What is needed → Repeat each line of the data below exactly, but skip the pictures.

Exercise data →
= = = =
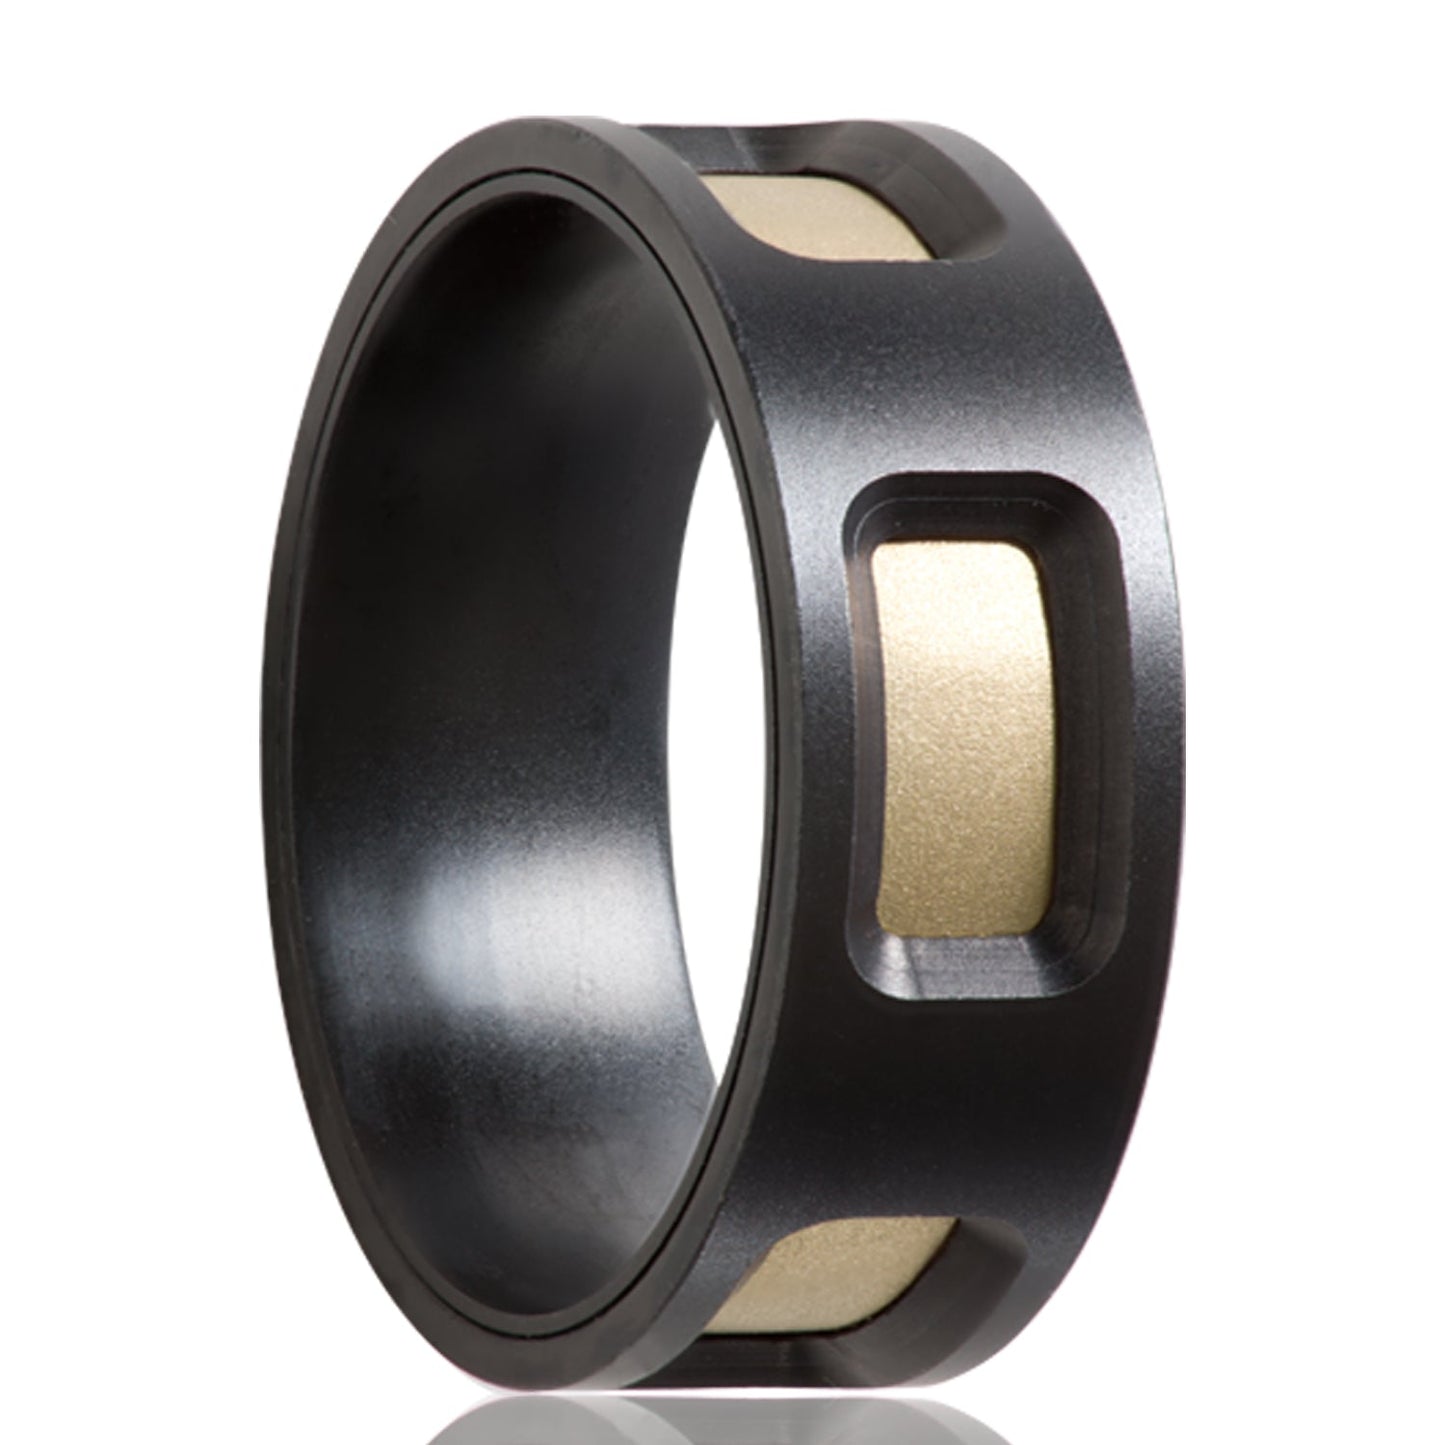 A zirconium men's men's wedding band with 14k yellow gold inlays displayed on a neutral white background.
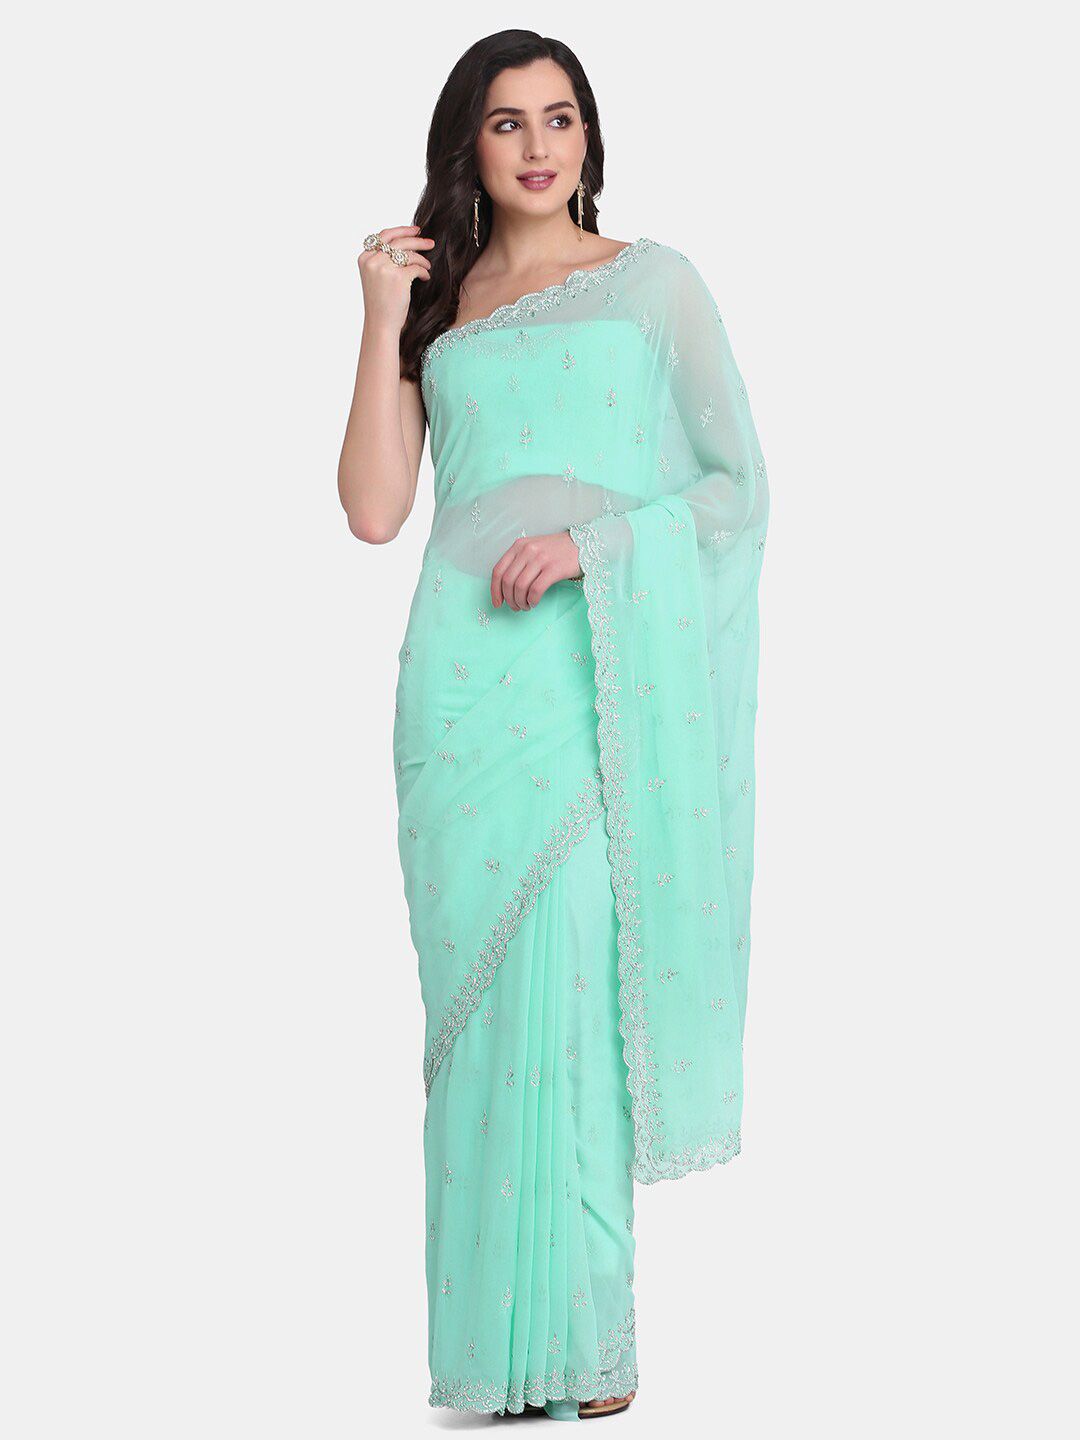 BOMBAY SELECTIONS Green & White Embellished Pure Georgette Saree Price in India
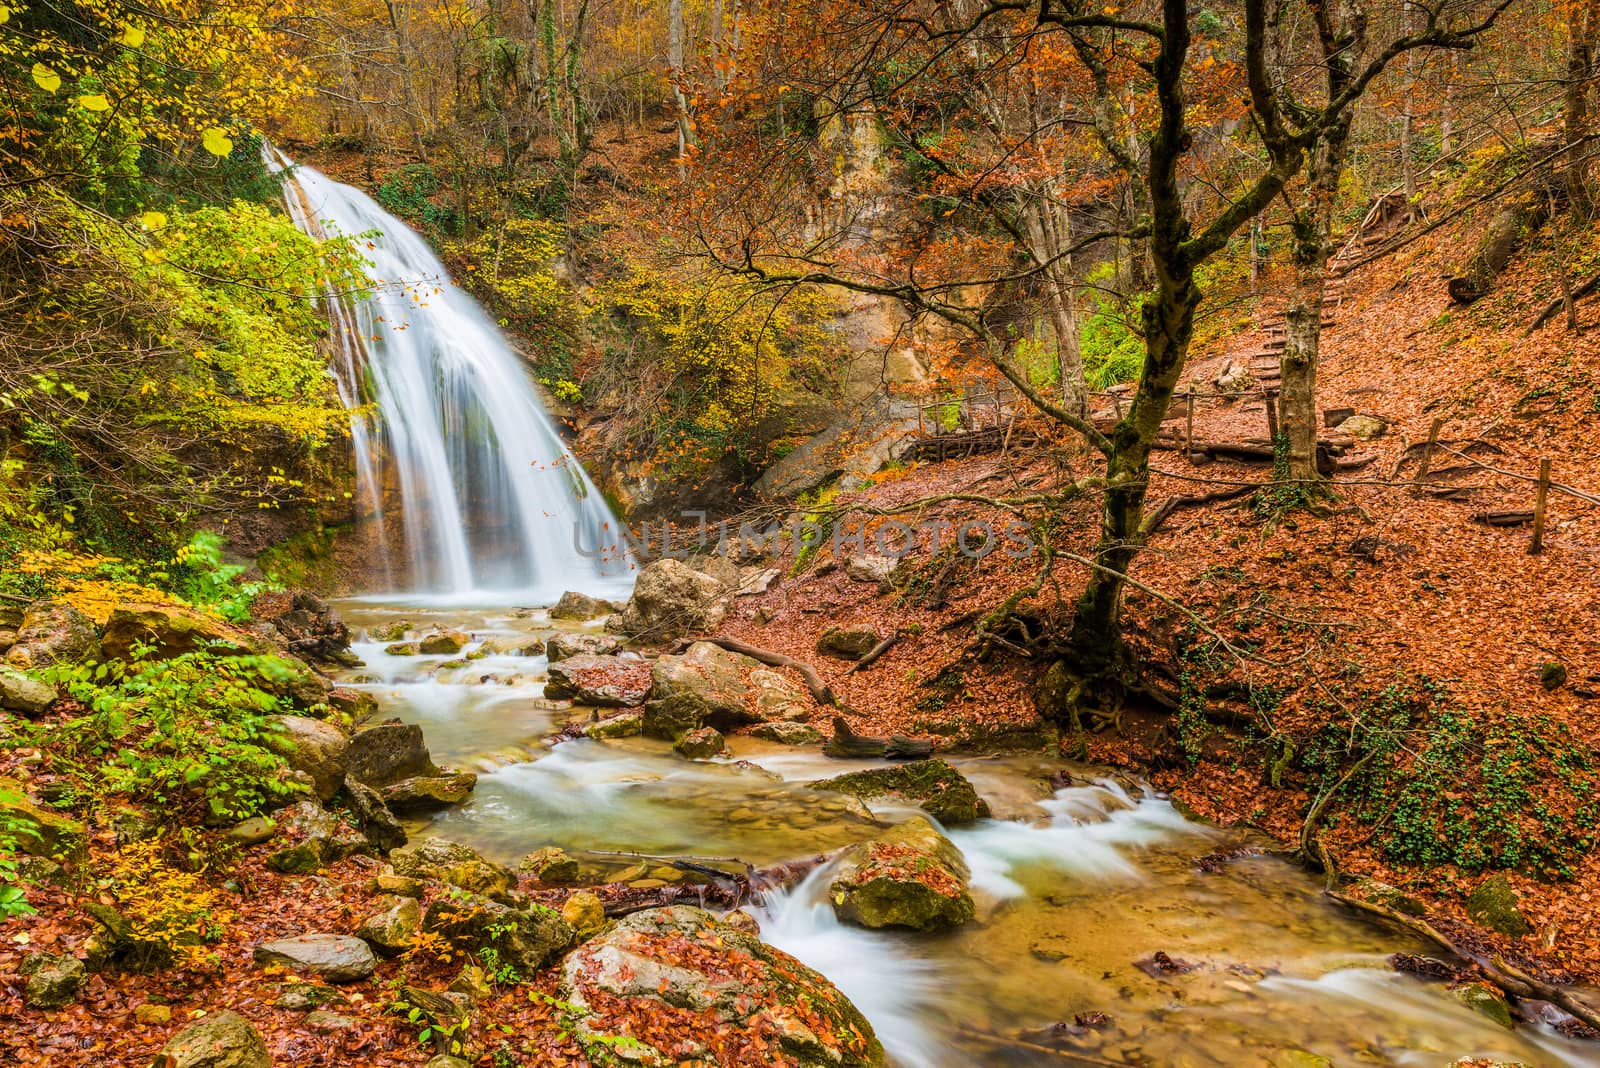 The natural attraction of the Crimean peninsula - a large waterfall Jur-Jur, a beautiful autumn landscape
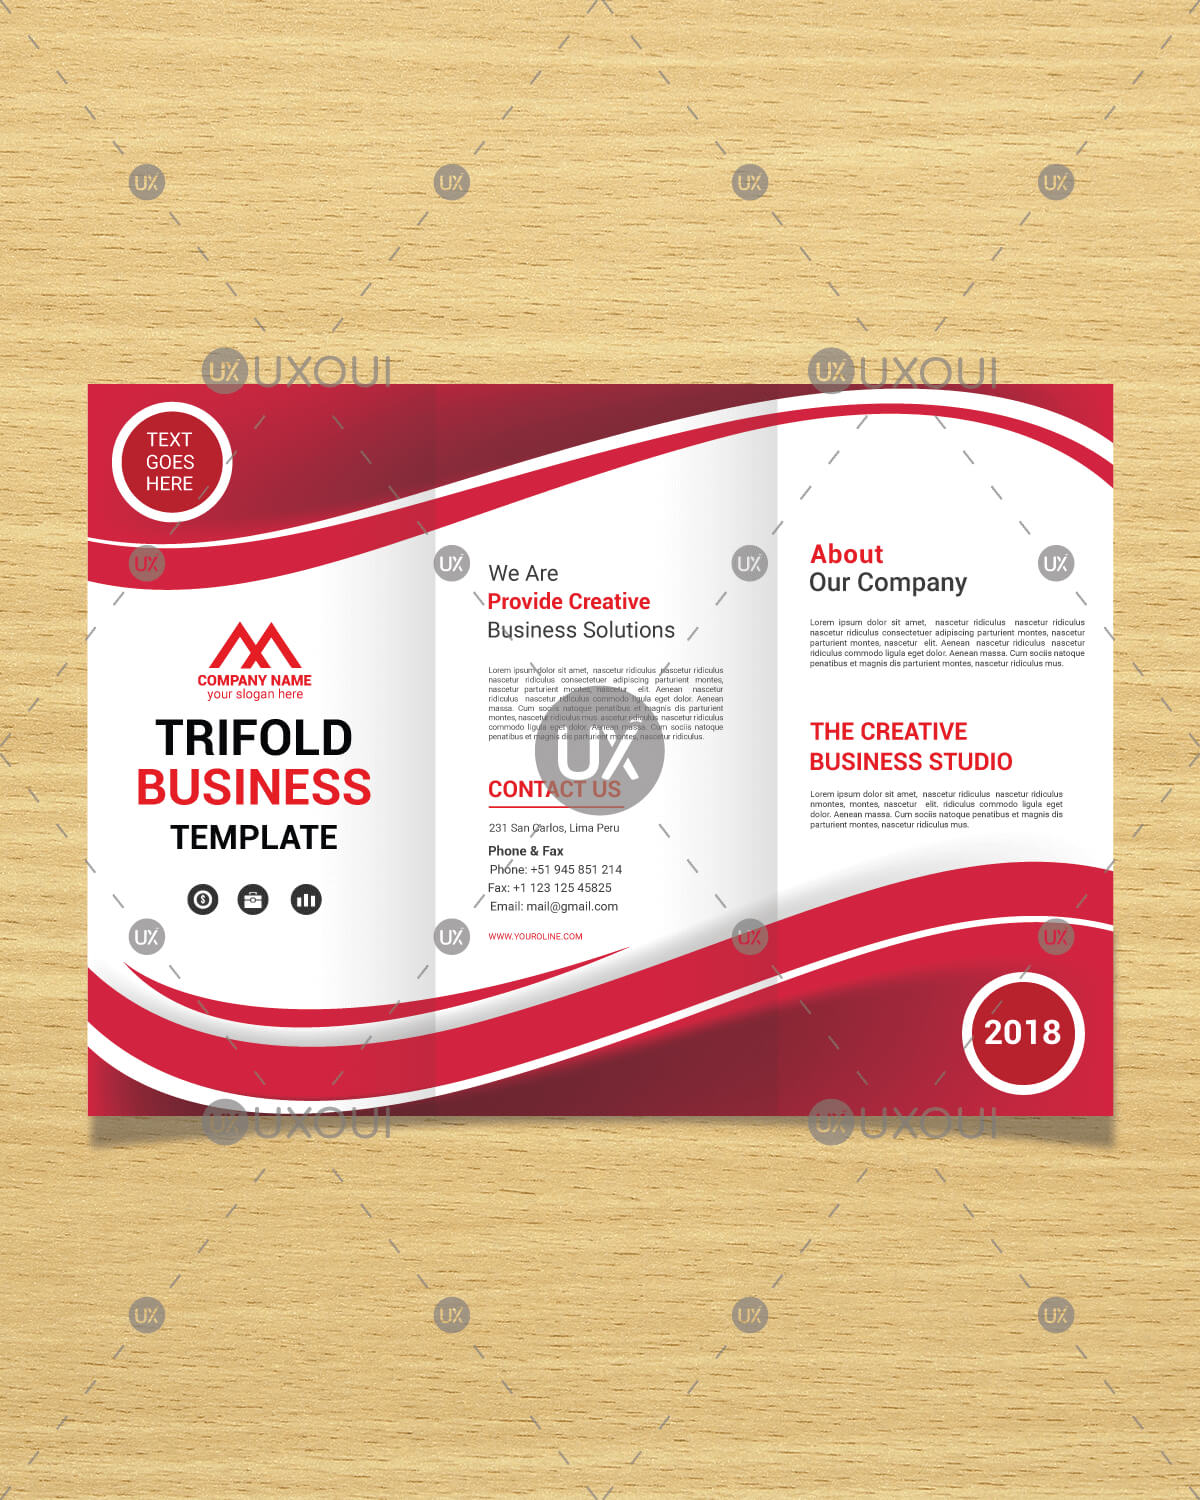 Professional Wavy Trifold Business Brochure Design Template For Professional Brochure Design Templates
= = = =
Solution to this problem →
 A zirconium men's men's wedding band with 14k yellow gold inlays displayed on a neutral white background.
 BOMBAY SELECTIONS Green & White Embellished Pure Georgette Saree Price in India
 The natural attraction of the Crimean peninsula - a large waterfall Jur-Jur, a beautiful autumn landscape
 Professional Wavy Trifold Business Brochure Design Template For Professional Brochure Design Templates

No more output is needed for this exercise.